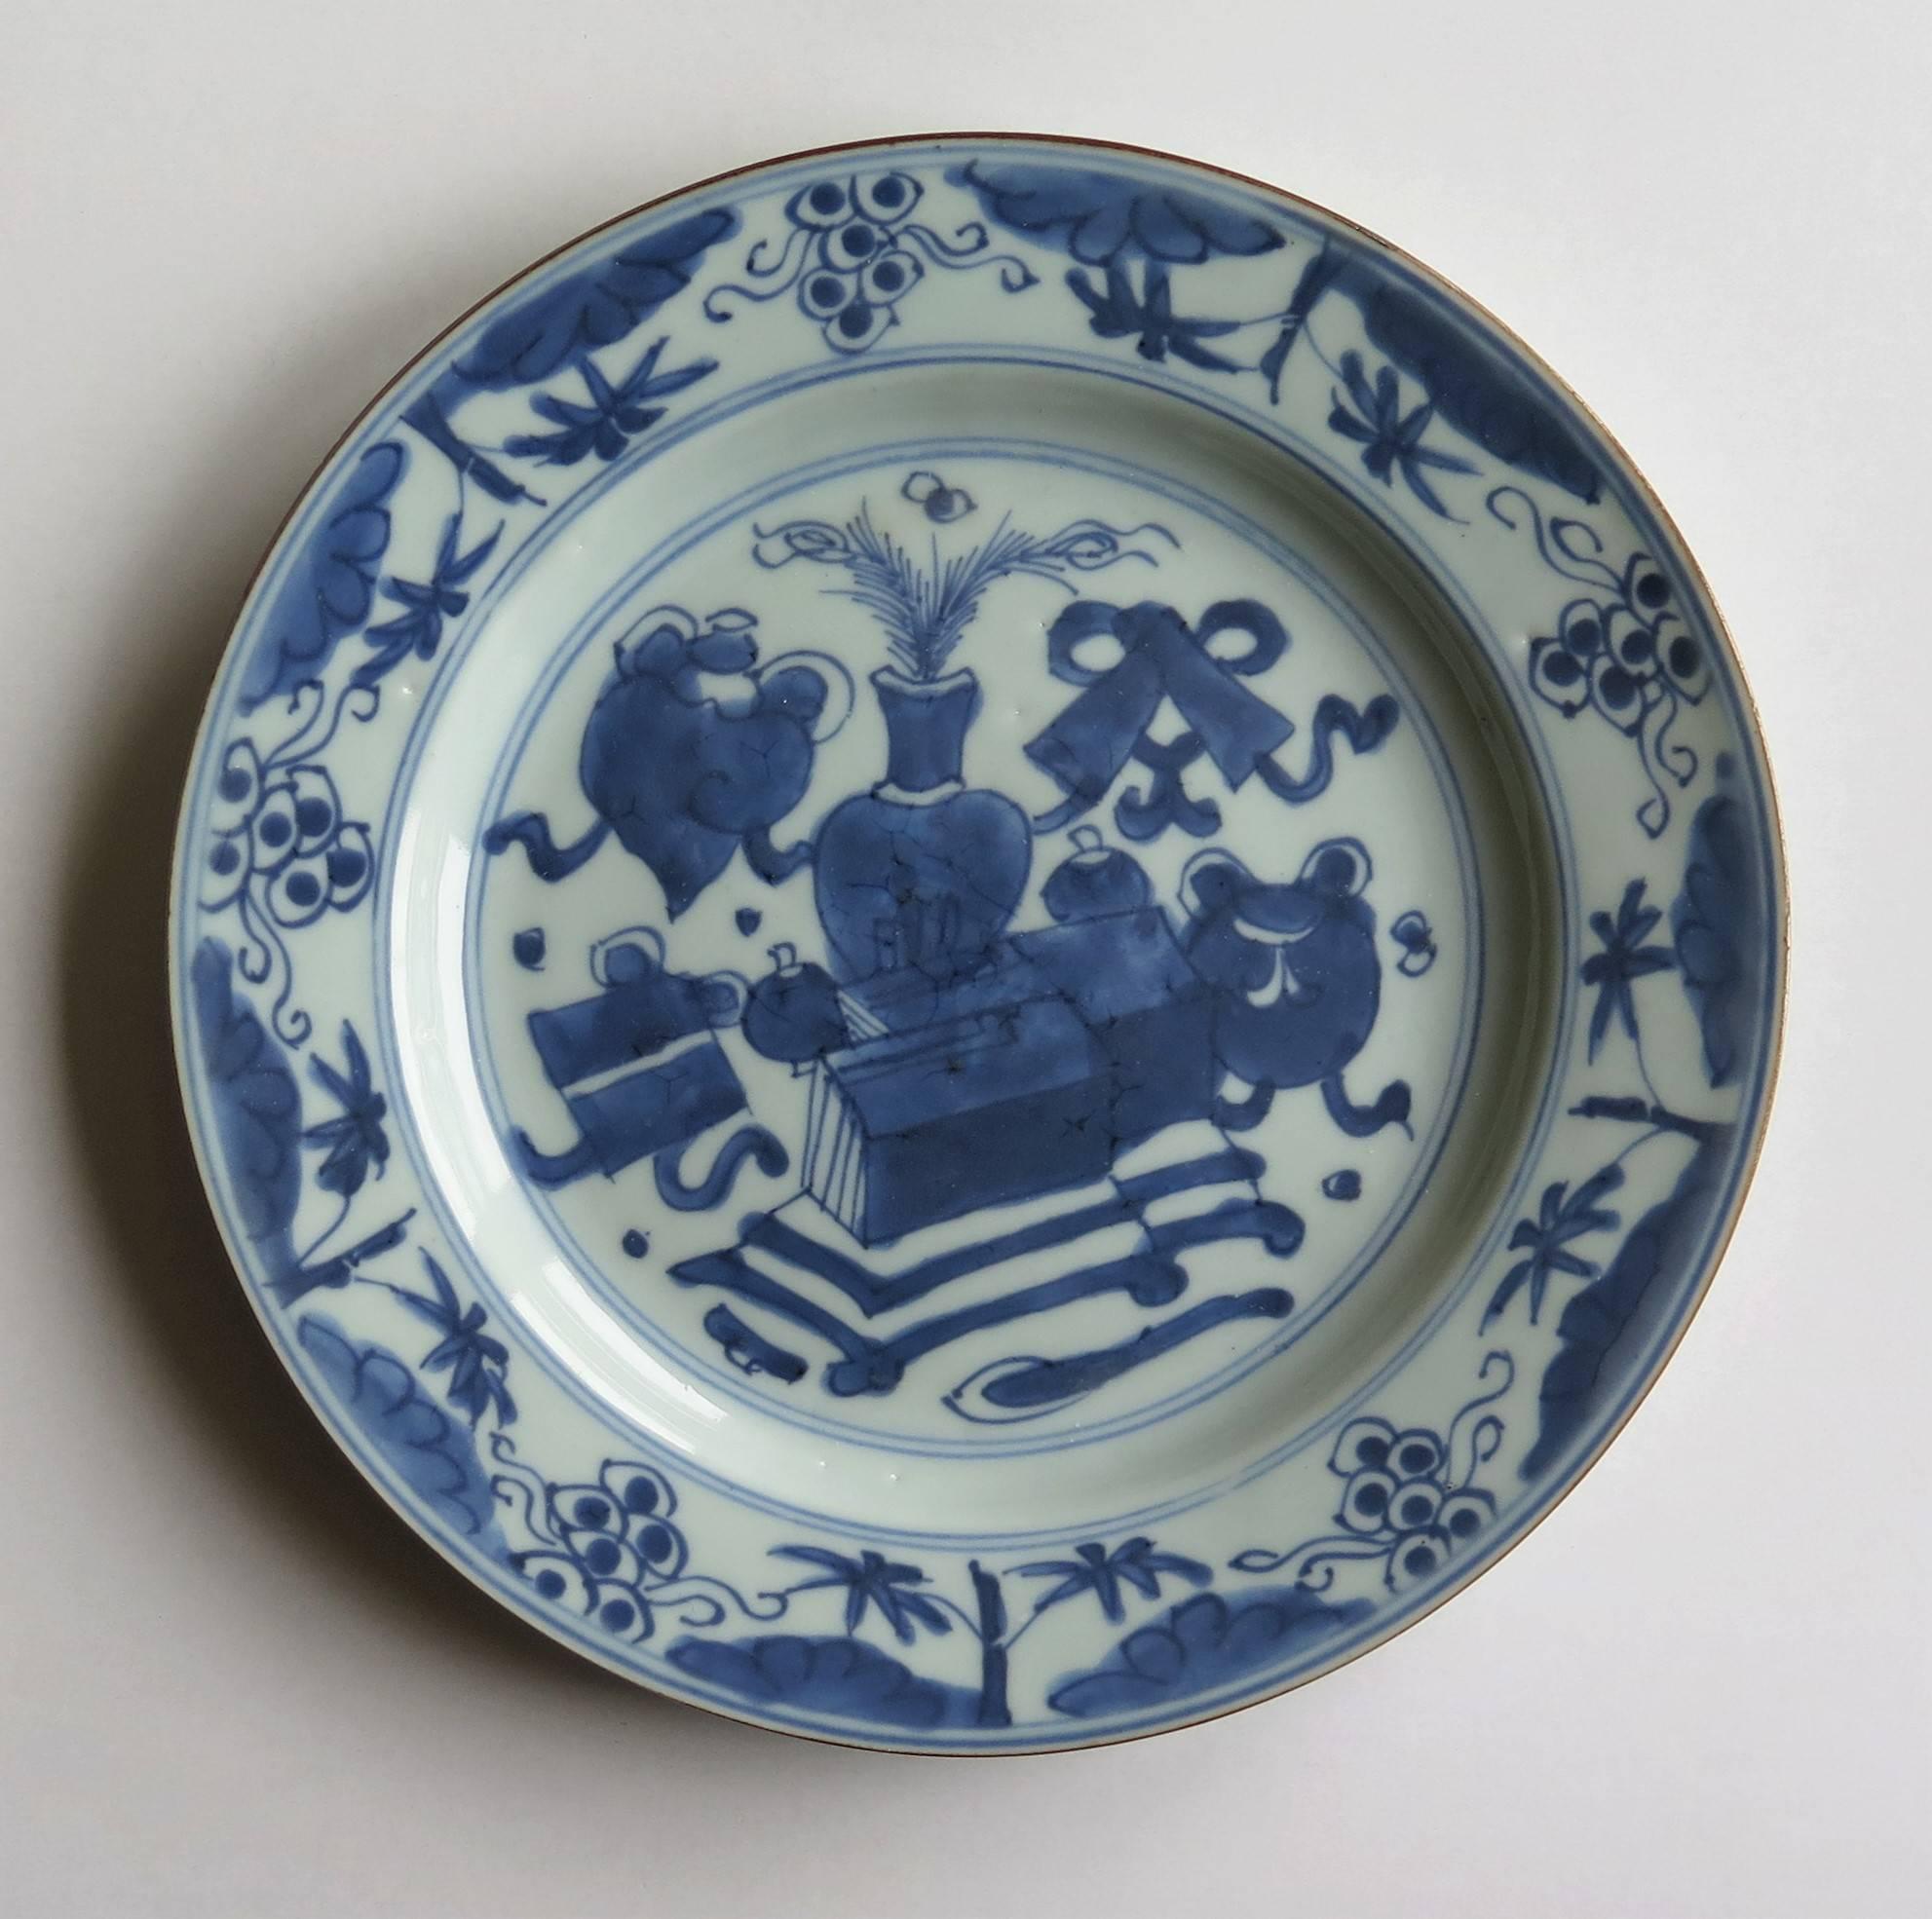 Hand-Painted Early 18th Century, Chinese Porcelain Plate, Vase and Symbols, Qing, circa 1735
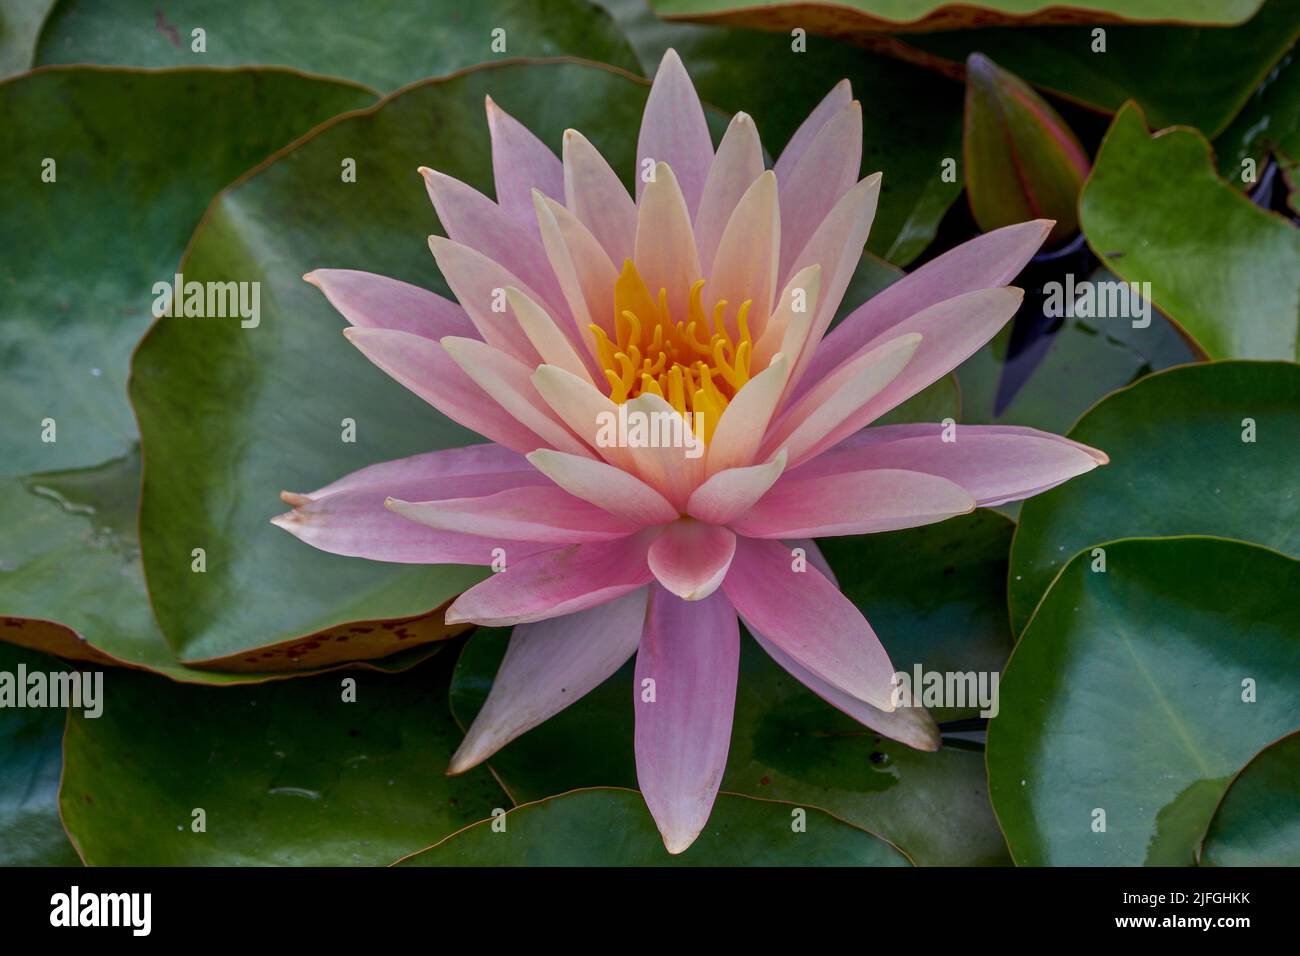 Lush pink water lily in full bloom Nymphea Stock Photo
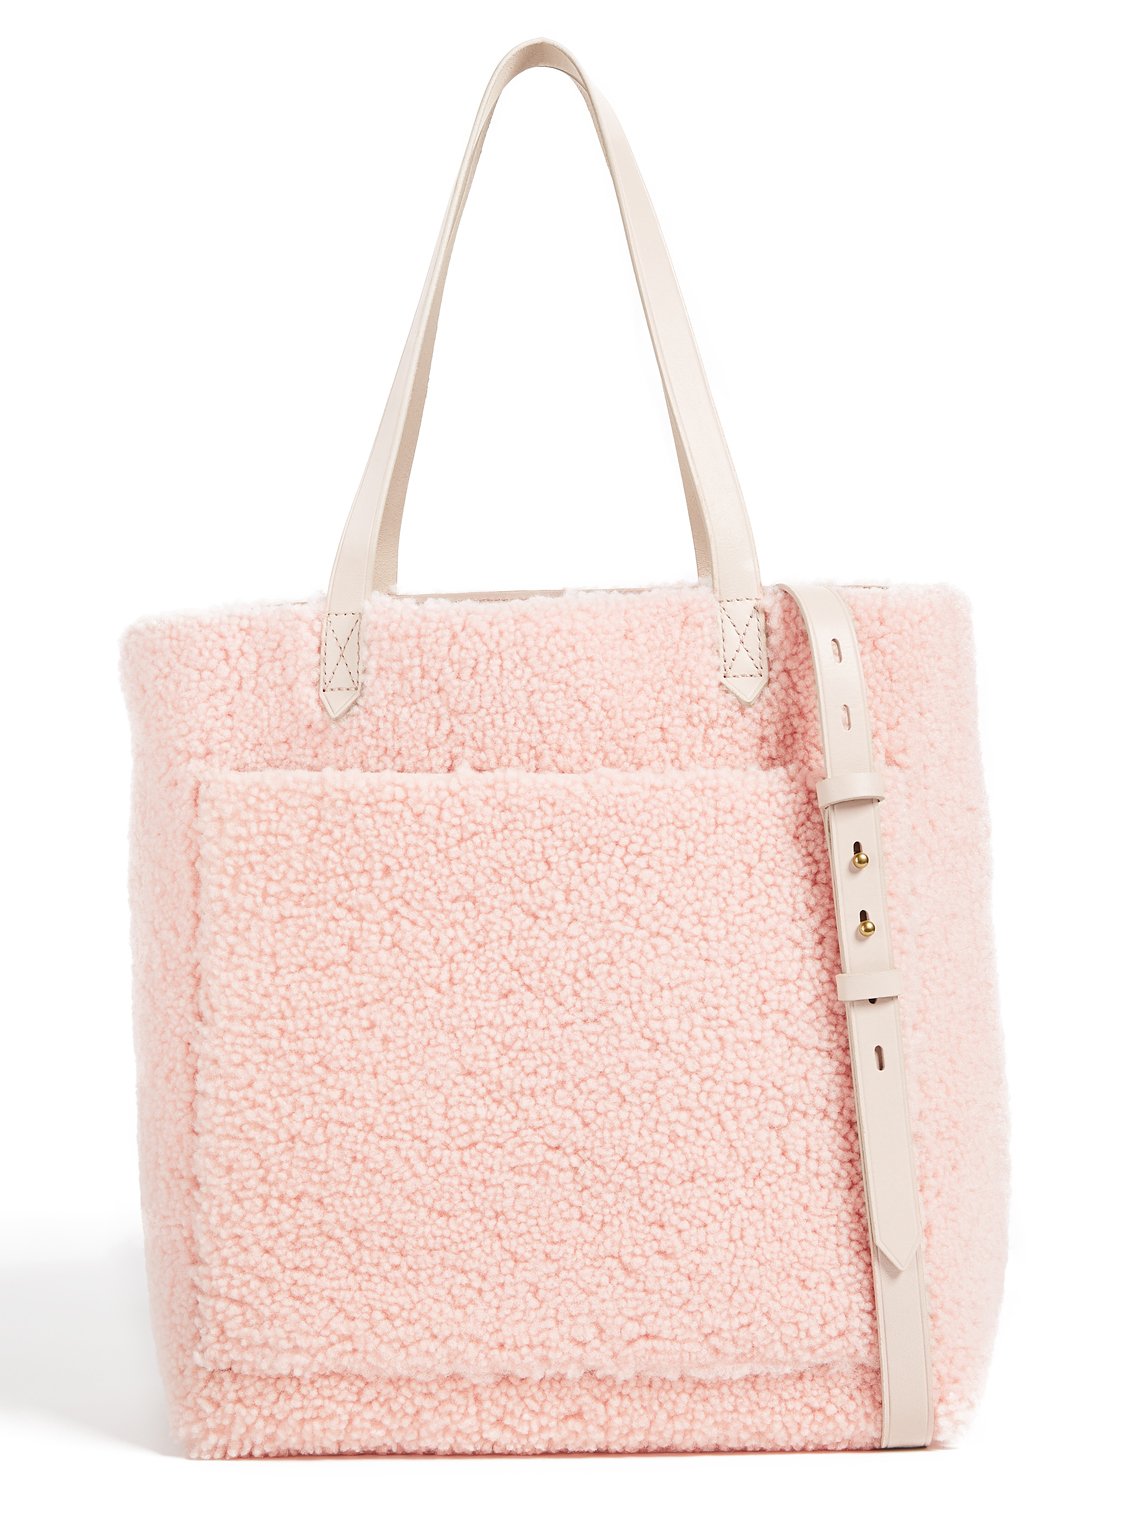 Madewell Medium Transport Tote in Shearling - Avalon Pink
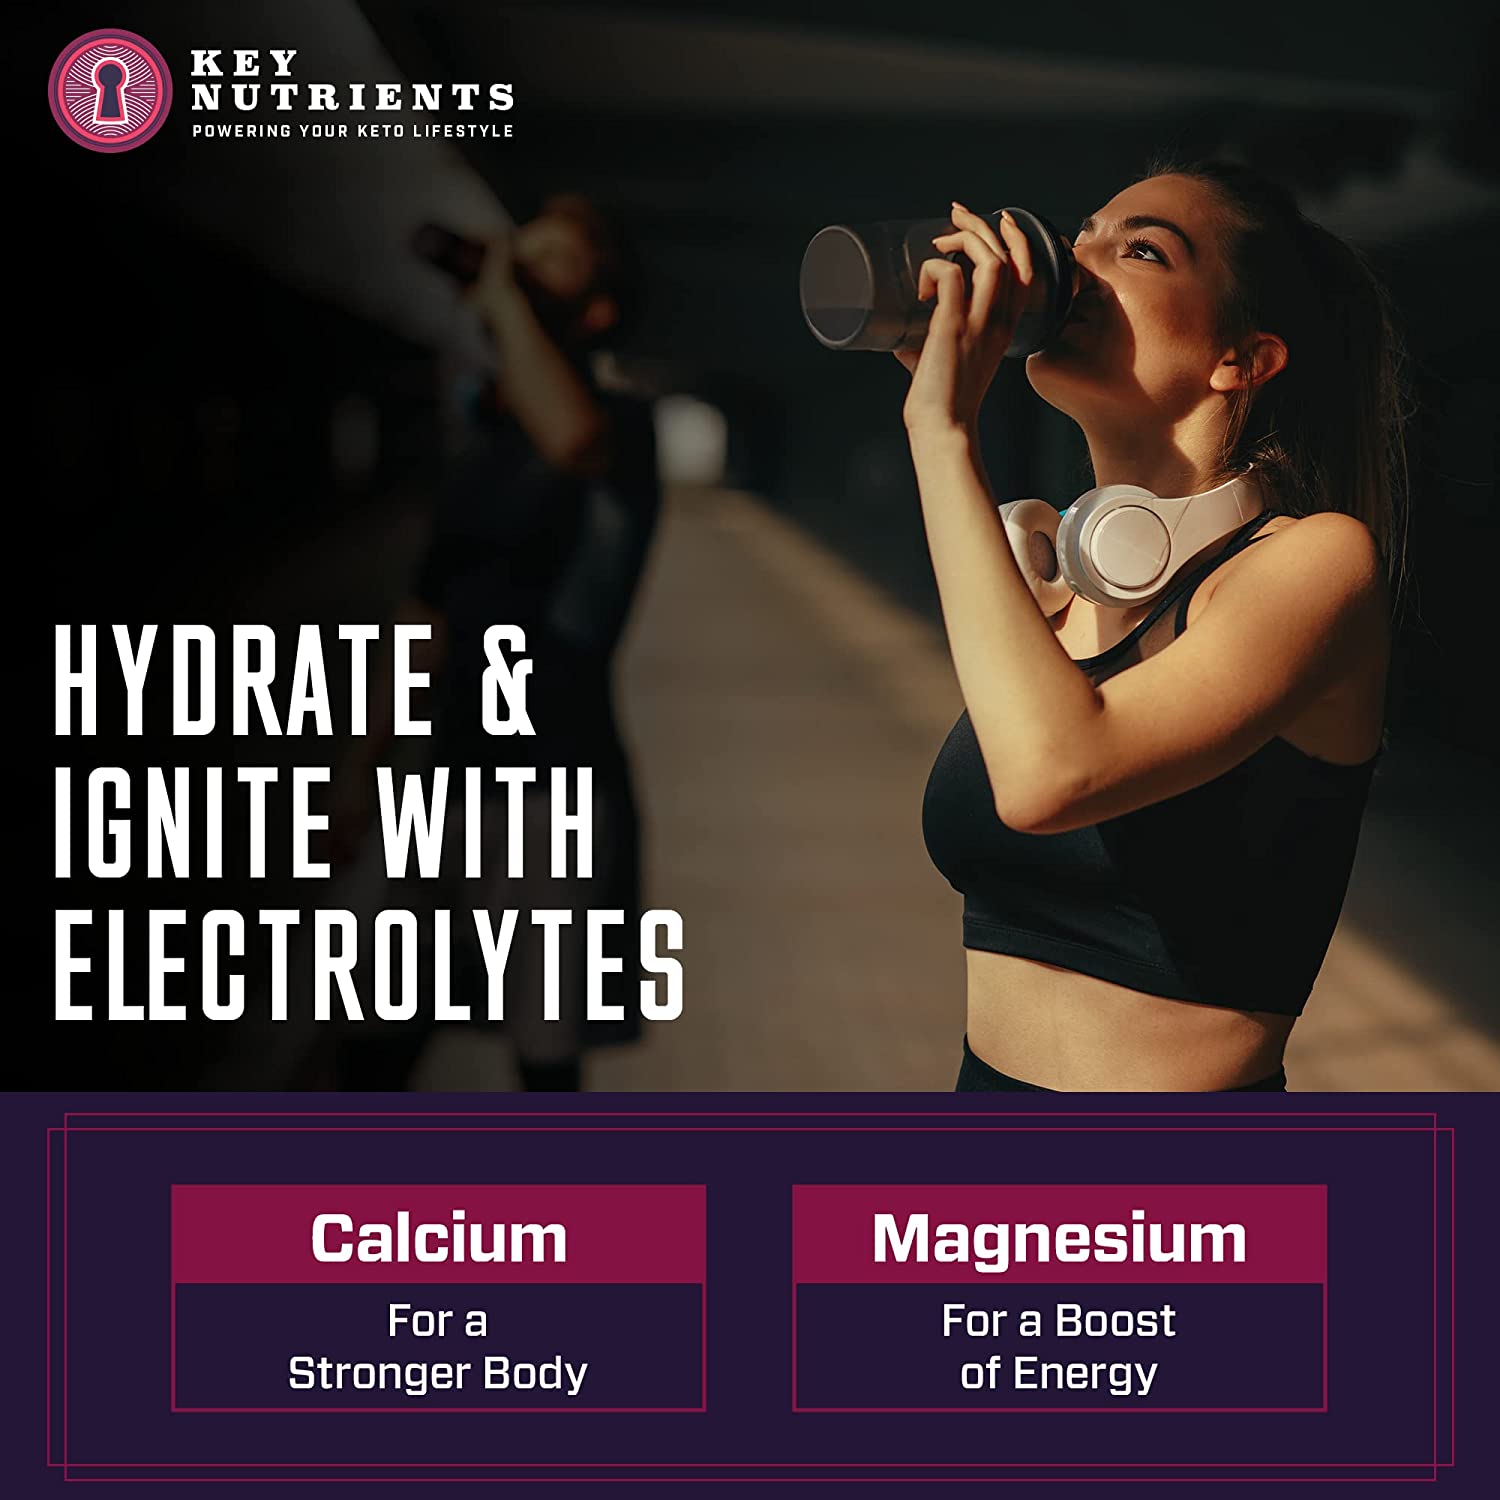 Calcium & magnesium content of Post Workout BCAA Powder w/ Electrolytes

What you will do: Word for word, restate every line of the listing, omitting the pictures.

Solution:
 Hand-Painted Early 18th Century, Chinese Porcelain Plate, Vase and Symbols, Qing, circa 1735
 Lush pink water lily in full bloom Nymphea Stock Photo
 Madewell Medium Transport Tote in Shearling - Avalon Pink
 Calcium & magnesium content of Post Workout BCAA Powder w/ Electrolytes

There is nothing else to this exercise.